Will Ferrell is Woody’s alter ego in the comedy version. He plays an unemployed actor whose sex life with his wife is on hold, while his indie director wife Amanda Peet has gotten wealthy Steve Walsh to produce her feminist film The Castration Sonata. Ferrell is hoping for a part in the film, which wifey says he’s perfect for, but is turned down by the producer because he’s an unknown. Peet’s energy is directed in finding Mr. Right for the ditsy Melinda, someone Ferrell fantasizes he’s in love with only to be disappointed that she falls in love with smoothy black classical pianist Chiwetel Ejiofor.

In the tragic version, nutty Melinda crashes the dinner party of her wealthy Park Avenue trust-fund college friend Chloe Sevigny and her womanizing unemployed actor hubby Jonny Lee Miller, who are entertaining Brooke Smith (the third close girlfriend from their college days, who is married, pregnant with her third child and the stable one of the three). Melinda lays out her tale of woe: telling how her ideal doctor husband has left her and won custody of their two perfect kids because of her extra-marital affair with a photographer, whom she later murdered when he ditched her. This leaves Melinda suicidal and afraid of entering another relationship, as she turns down hunky, wealthy and stable dentist Josh Brolin. But, at the same dinner party, where she rejects the dentist, she begins an affair with the pianist.
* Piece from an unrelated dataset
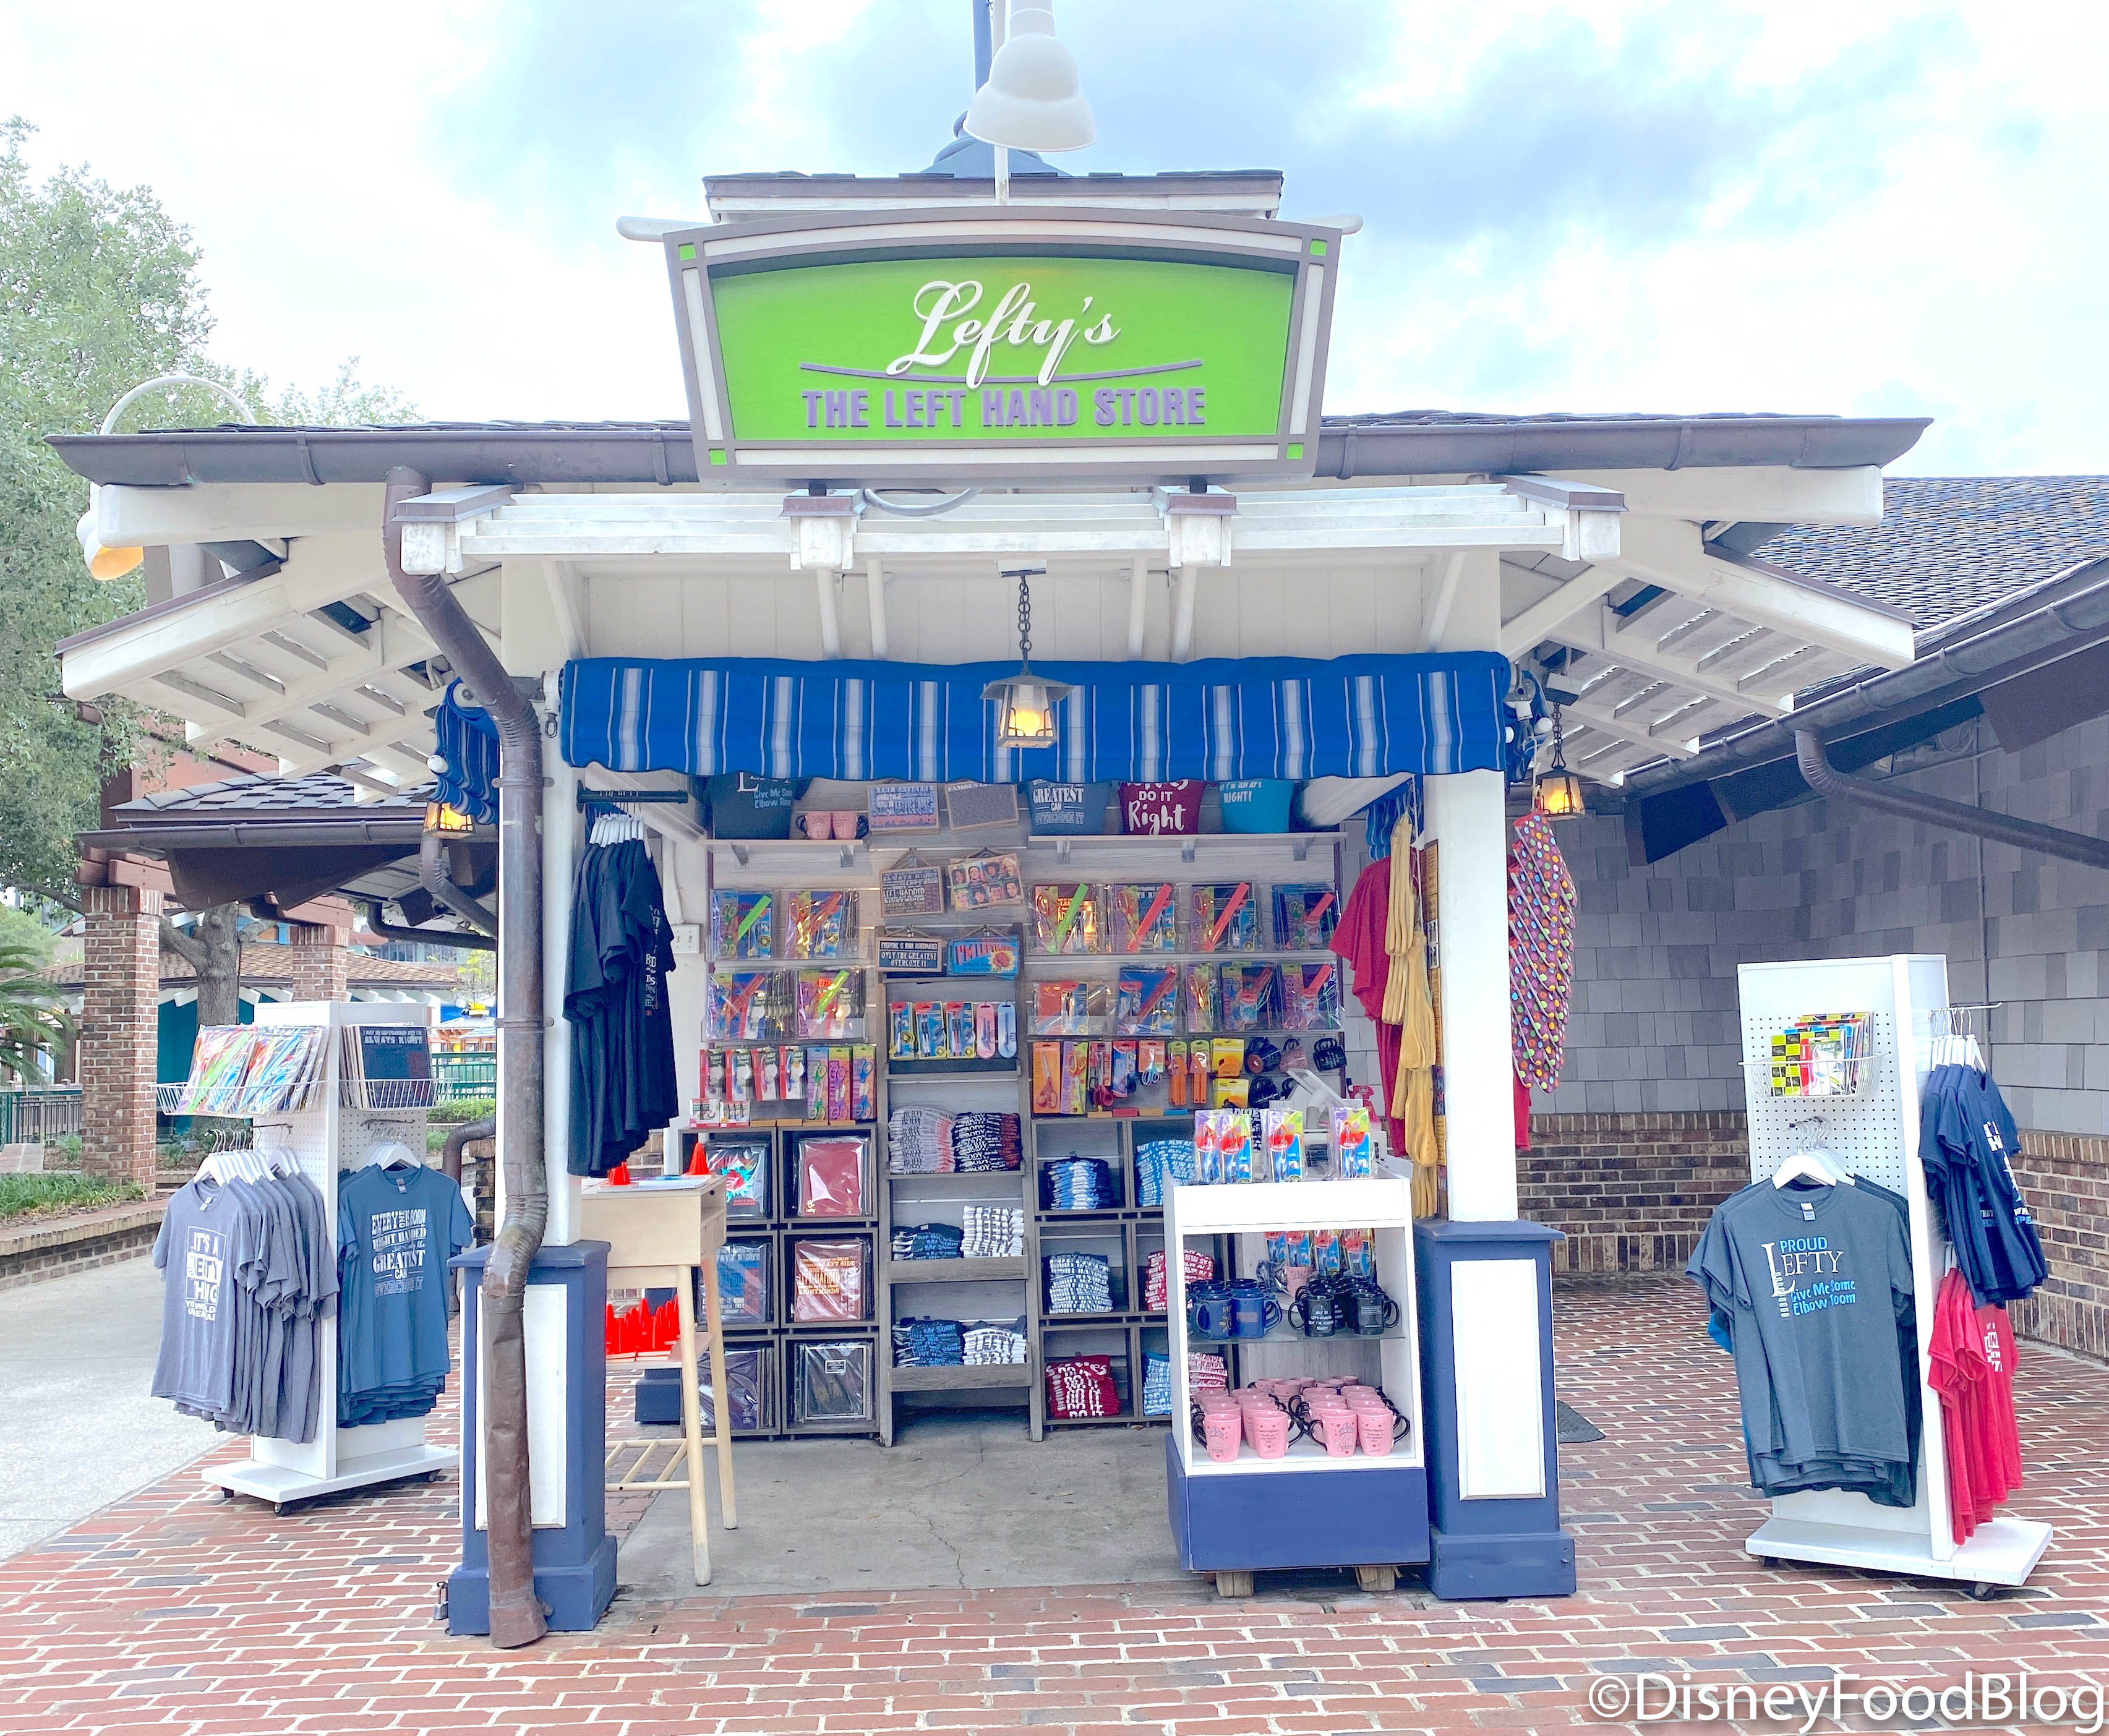 If you're a lefty, you might want to add this shop to your list of des, Disney Springs

The only difficulty in the film came from trying to keep track of the characters in each story and not anything deep to muse over. In any case, it’s all about the same old Woody rehashed musings over struggling artistic New Yorkers living in swell brownstone apartments and carrying on a yuppie-like party social life that leaves them in angst. The 70-year-old Woody has no part, which comes after complaints he was too old to be chasing the younger actresses as the romantic lead. Also, Woody seems to be answering his critics who said he left blacks out of his films by providing two juicy roles for black actors Chiwetel Ejiofor and Daniel Sunjata, who take not stereotypical parts that are not sensationalized and add whatever gravitas can be mustered from the film by romancing desirous white women.